Insulin Sensitizers for Improving the Endocrine and Metabolic Profile in Overweight Women With PCOS

Chuan Xing; Chunzhu Li; Bing He


J Clin Endocrinol Metab. 2020;105(9) 

In This Article

Abstract and Introduction


Objective: To evaluate the efficacy of insulin sensitizers on menstrual frequency, sex hormone, and metabolic parameters in overweight women with polycystic ovary syndrome (PCOS).

Methods: We searched multiple databases from inception to September 2019 for randomized controlled trials. Network meta-analysis was conducted using multivariate random effects method.

Results: Fourteen trials reporting on 619 women were included. Compared with metformin, metformin + thiazolidinediones (TZDs) was more superior in menstrual recovery (weighted mean difference [WMD] 3.68; 95% credibility interval [CrI], 1.65 to 8.20), metformin + glucagon-like peptide-1 (GLP-1) receptor agonists was more effective in decreasing androstenedione (WMD −2.53; 95% CrI, −3.96 to −1.09), both metformin + GLP-1 receptor agonists (WMD 9.22; 95% CrI, 5.46 to 12.98) and metformin + TZDs (WMD 4.30; 95% CrI, 0.78 to 7.82) were more effective in increasing sex hormone–binding globulin (SHBG), while TZDs were less effective in decreasing body mass index (BMI) (WMD 1.69; 95% CrI, 0.72 to 2.66). Compared with GLP-1 receptor agonists, metformin + GLP-1 receptor agonists was associated with higher SHBG (WMD 7.80; 95% CrI, 4.75 to 10.85), lower free testosterone (WMD −1.77; 95% CrI, −3.25 to −0.29), lower androstenedione (WMD −2.70; 95% CrI, −3.91 to −1.50) and lower fasting blood glucose (WMD −0.41; 95% CrI, −0.73 to −0.08).

Conclusion: For overweight women with PCOS, both metformin combined with GLP-1 receptor agonists and metformin combined with TZDs appear superior to monotherapy in improving hyperandrogenemia. Metformin combined with TZDs could be particularly effective in promoting the recovery of menstruation. Metformin combined with GLP-1 receptor agonists has the additional advantage of improving fasting glucose when compared with GLP-1 receptor agonists alone. TZDs are inferior to metformin in decreasing BMI.


Polycystic ovary syndrome (PCOS) is characterized by oligoovulation or anovulation, elevated androgen production, and polycystic ovary changes observed by ultrasound.

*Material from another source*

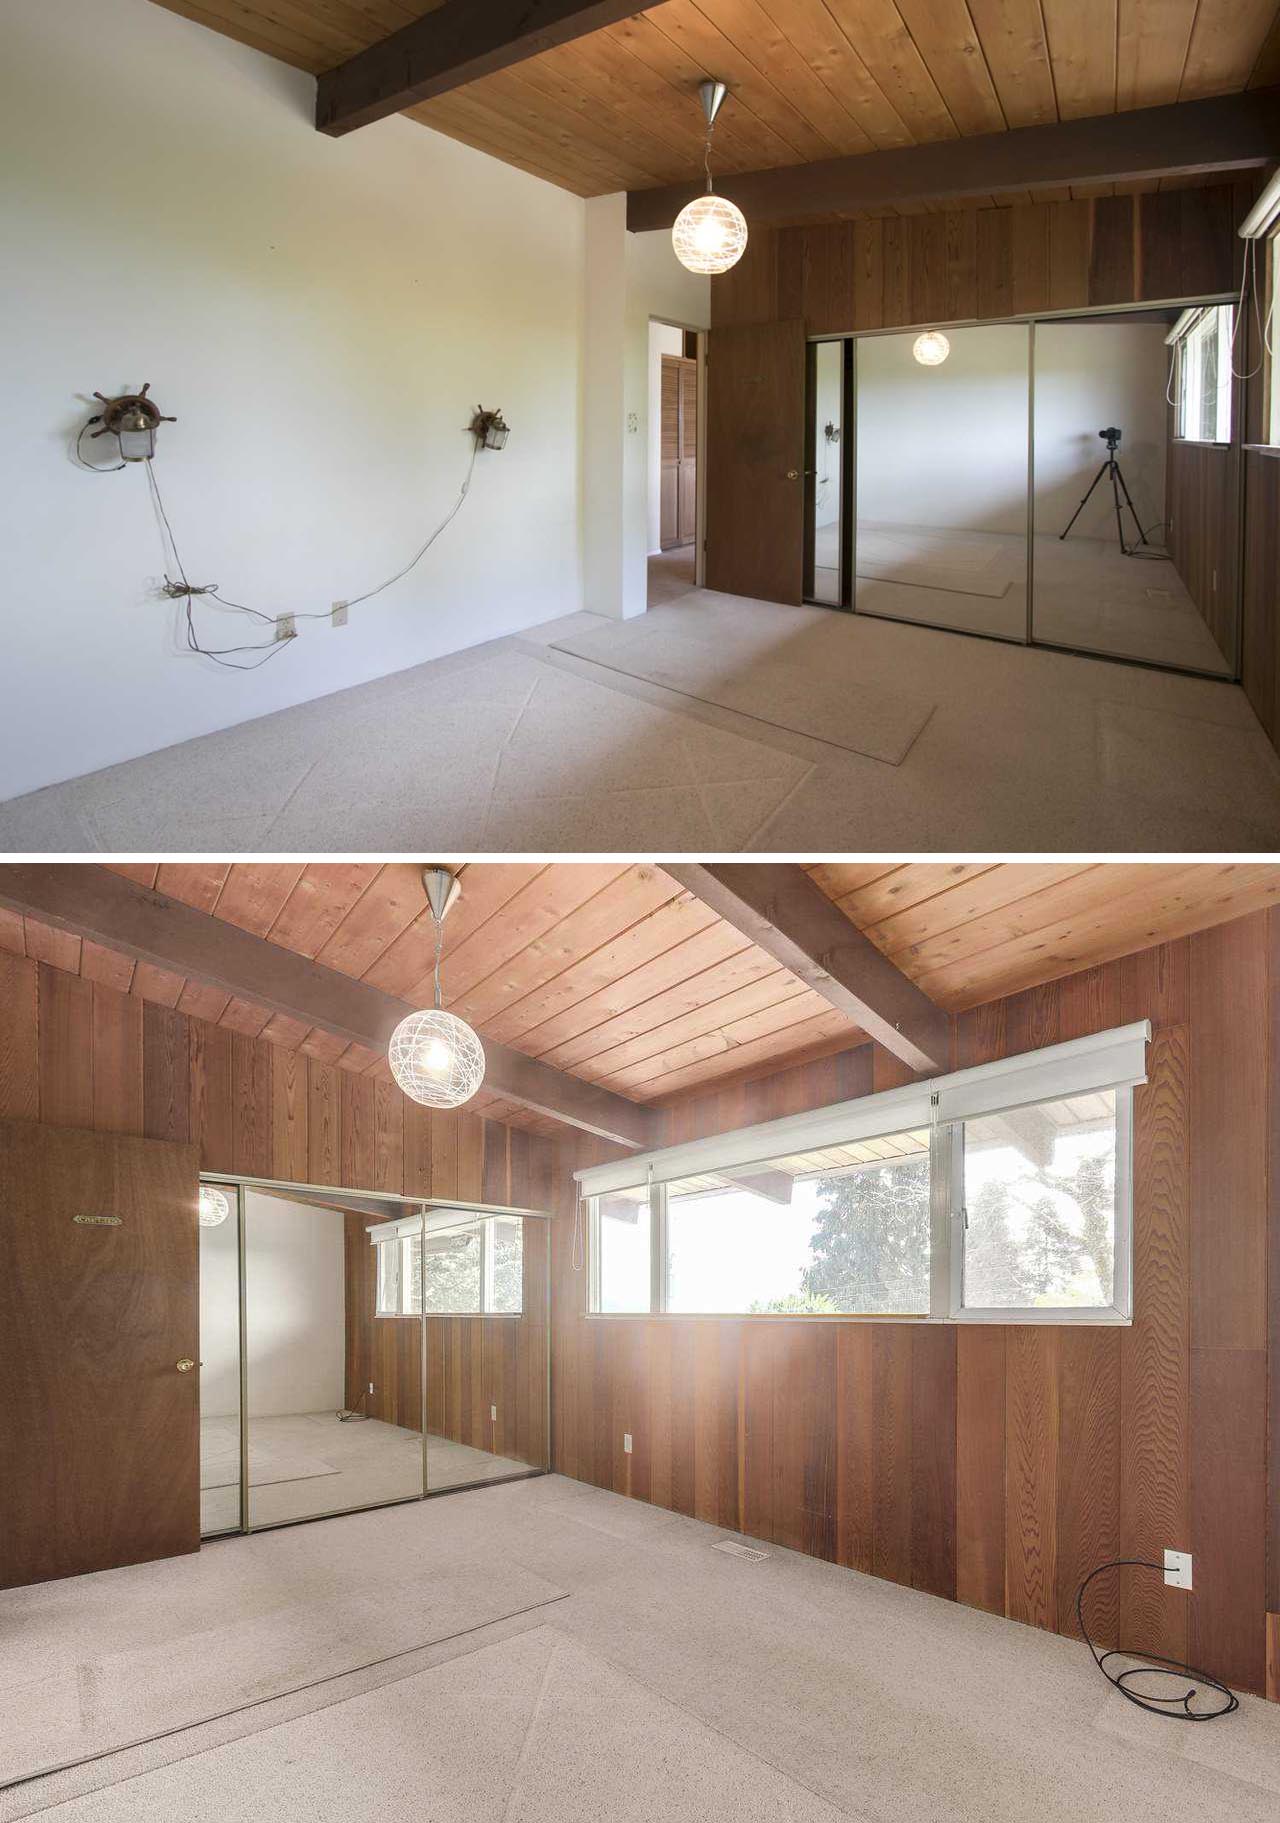 BEFORE - A mid-century modern bedroom with wood paneled walls.
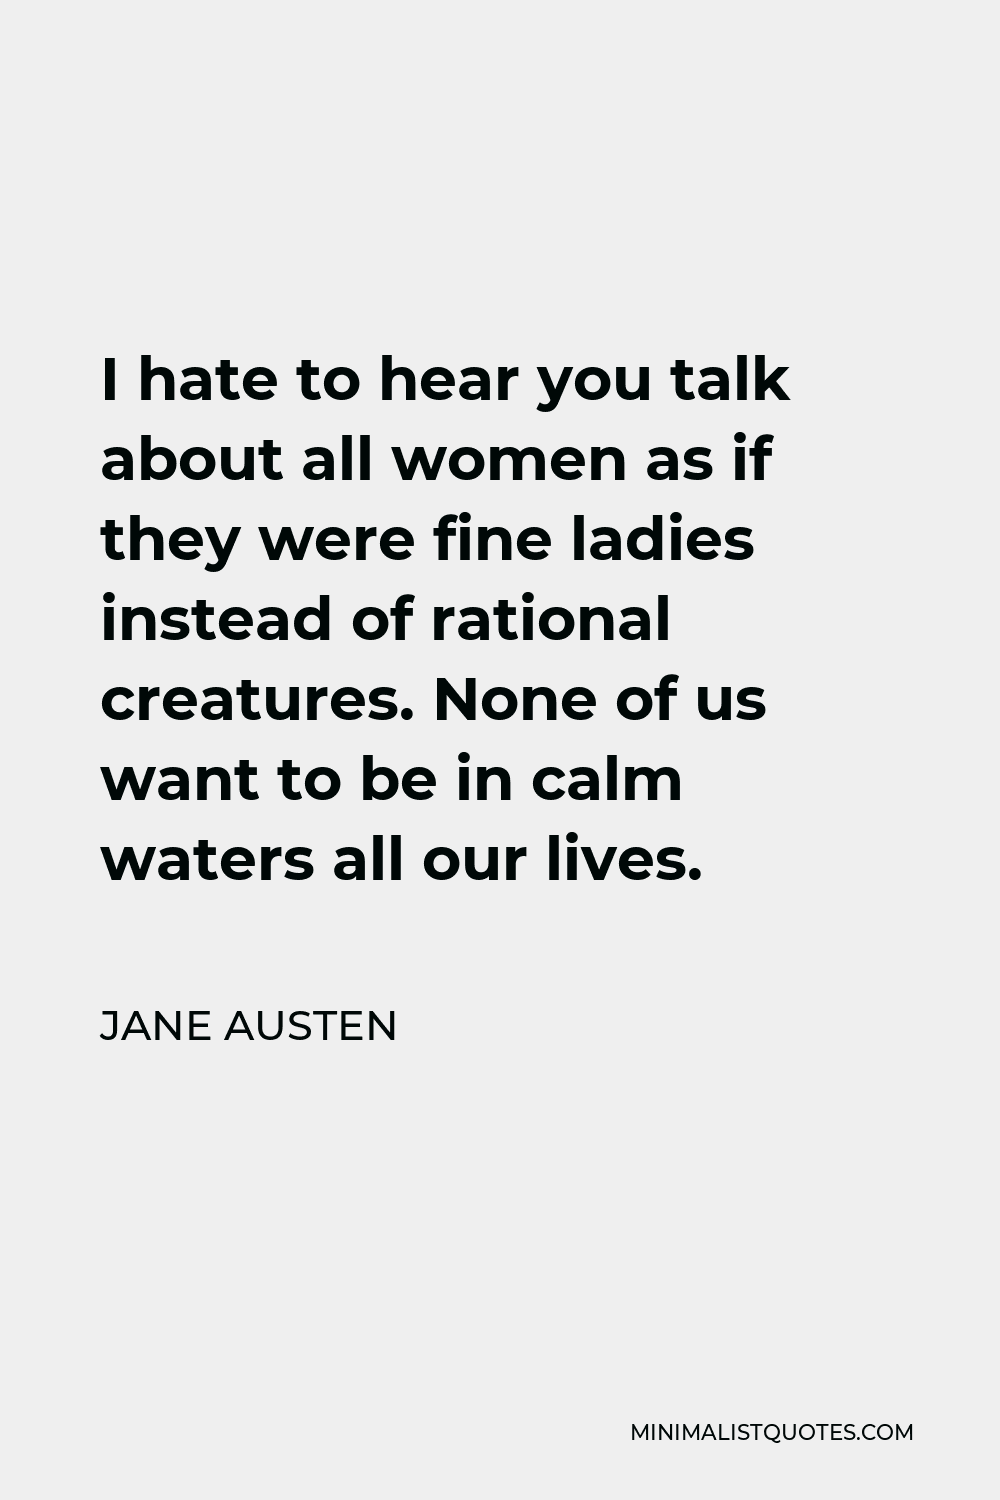 Jane Austen Quote - I hate to hear you talk about all women as if they were fine ladies instead of rational creatures. None of us want to be in calm waters all our lives.

PCOS affects up to 13% of women of reproductive age.[1] The pathogenesis of PCOS is far from completely clear and may relate to hyperandrogenemia, hyperinsulinemia, an imbalanced ratio of luteinizing hormone (LH) to follicle-stimulating hormone (FSH), metabolic aberrances, inflammation, advanced glycation end products, and endoplasmic reticulum stress.[2–5] PCOS is often accompanied by obesity and increased rates of type 2 and gestational diabetes, cardiovascular disease, hepatic steatosis, and endometrial cancer, which, as long-term risks, can lead to serious threats to a woman's life.[6–9] Overweight women with PCOS are more prone to insulin resistance, which could lead to abnormal glucose and lipid metabolism.[10] Moreover, hyperinsulinemia reduces the circulating level of sex hormone-binding globulin (SHBG) and increases free testosterone (FT), which inhibits follicular maturation with consequent menstrual irregularity and infertility.[11]

Currently, symptomatic treatment dominates the clinical approach to PCOS and mainly includes the regulation of menstrual cycle, anti-hyperandrogenemia therapy, weight control, management of insulin resistance and metabolic disorders, and lifestyle modification.[12–14] Drugs often used to reduce insulin resistance in obese patients with PCOS include metformin, glucagon-like peptide-1 (GLP-1) receptor agonists, and thiazolidinediones (TZDs).[7] However, the efficacy of different interventions on metabolism for PCOS remains to be verified. For this reason, we designed this meta-analysis to compare the effects of these drugs on the improvement of menstrual frequency, as well as sex hormone and metabolic parameters, of overweight women with PCOS. In addition, we searched for eligible interventions that can reduce hyperinsulinemia and induce weight loss in PCOS.